►

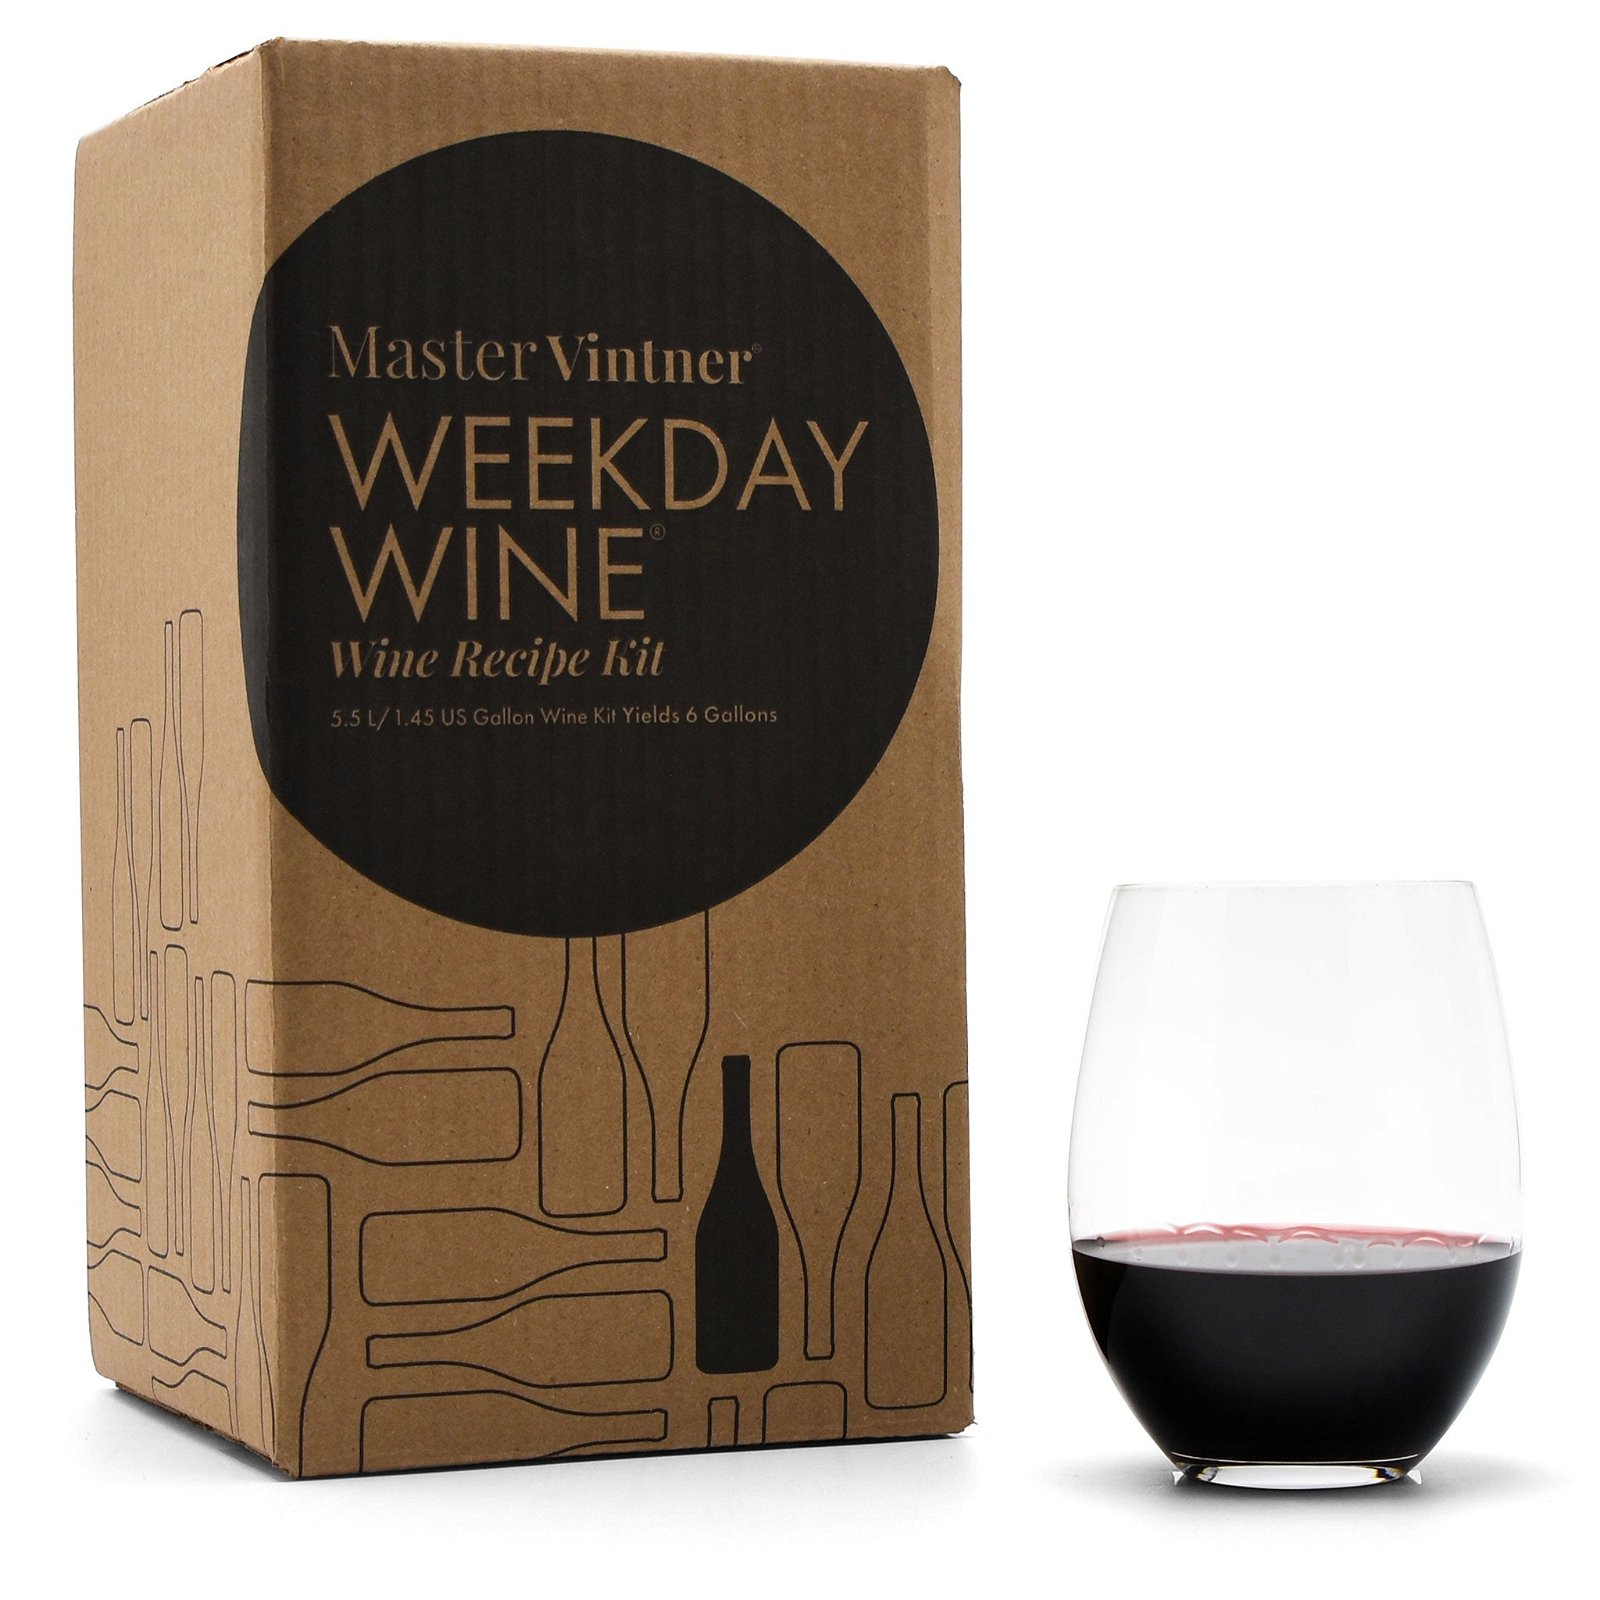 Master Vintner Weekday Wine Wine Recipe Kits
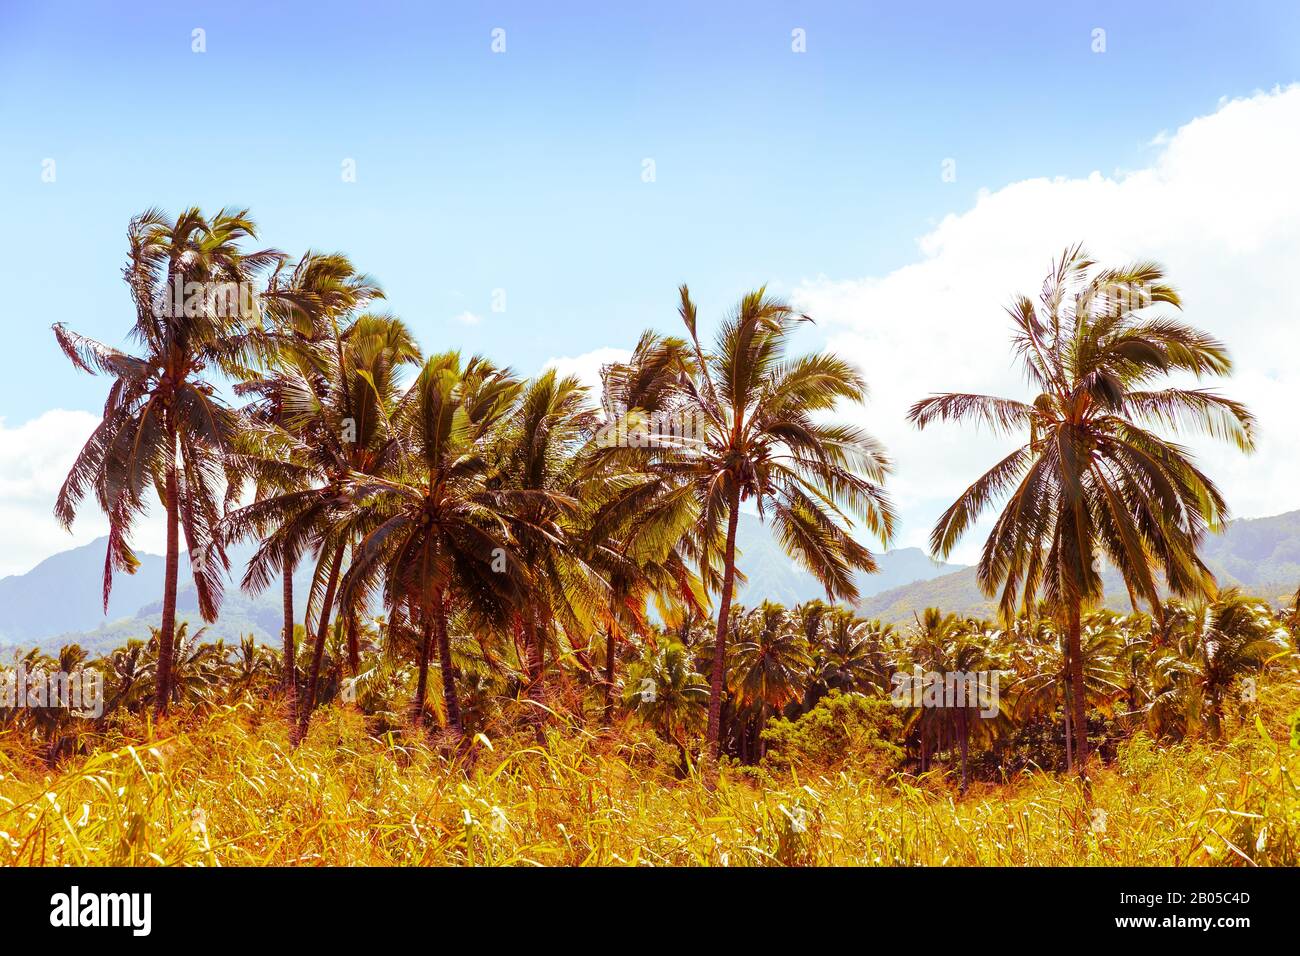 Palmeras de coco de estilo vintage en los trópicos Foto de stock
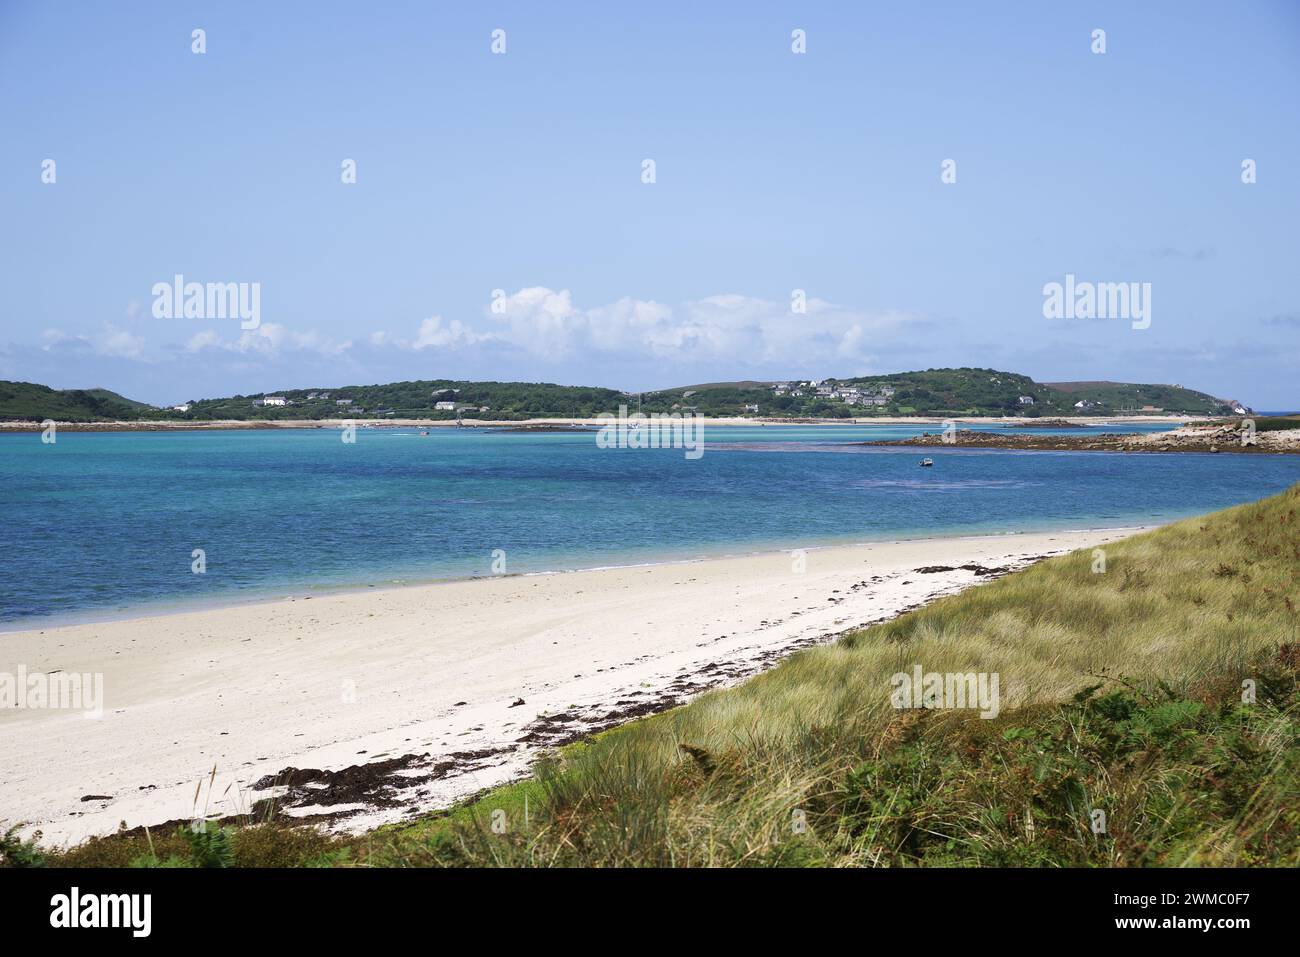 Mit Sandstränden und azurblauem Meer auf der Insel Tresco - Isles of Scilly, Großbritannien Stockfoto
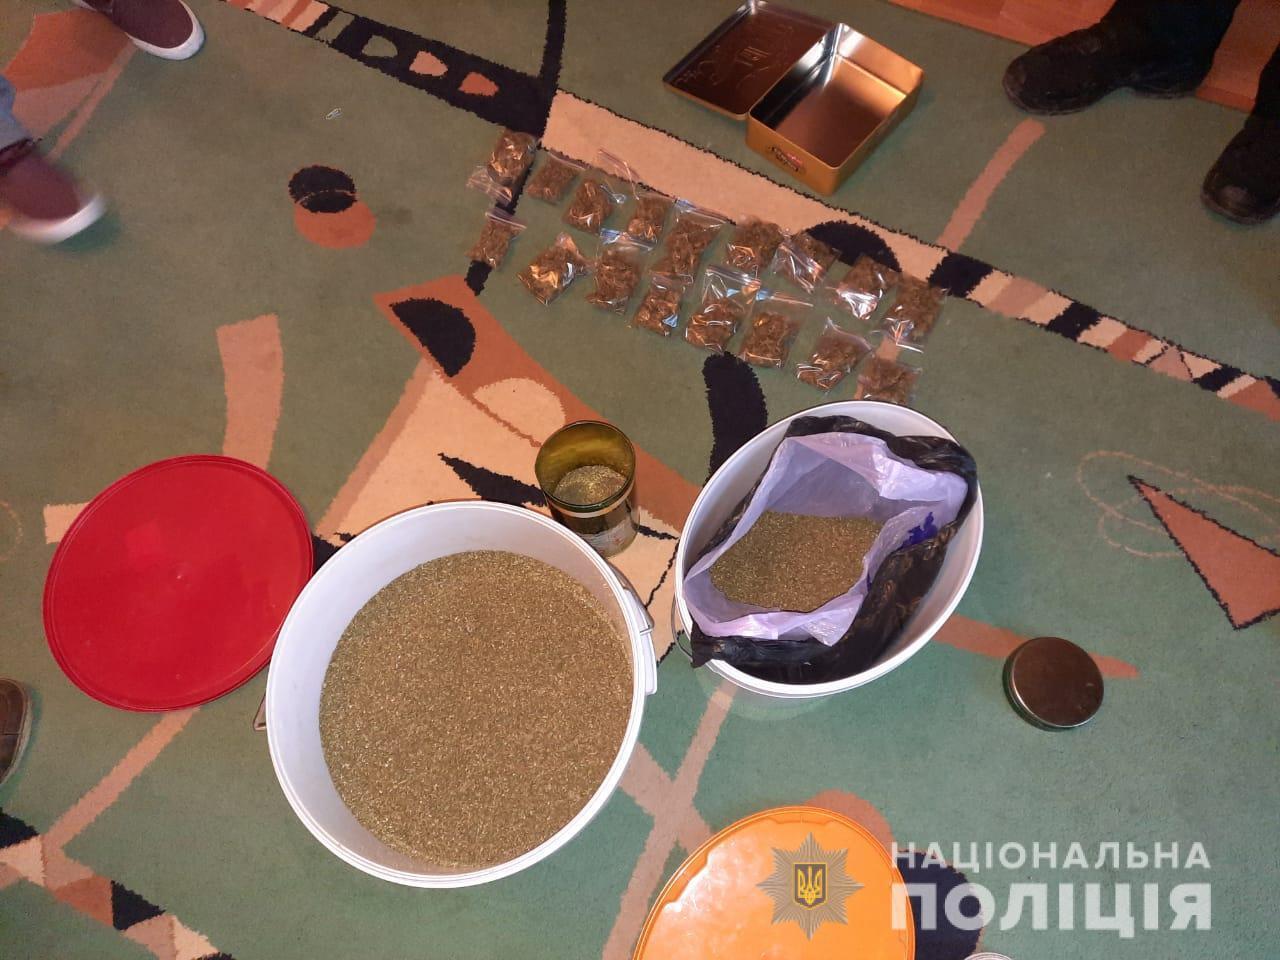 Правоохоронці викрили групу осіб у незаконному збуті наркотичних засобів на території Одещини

◄

* [Work order]
When the listing is transcribed, every line must match the original exactly, and the pictures must be left out.

* [Problem solution]
 Master Vintner Weekday Wine Wine Recipe Kits
 Palmeras de coco de estilo vintage en los trópicos Foto de stock
 Mit Sandstränden und azurblauem Meer auf der Insel Tresco - Isles of Scilly, Großbritannien Stockfoto
 Правоохоронці викрили групу осіб у незаконному збуті наркотичних засобів на території Одещини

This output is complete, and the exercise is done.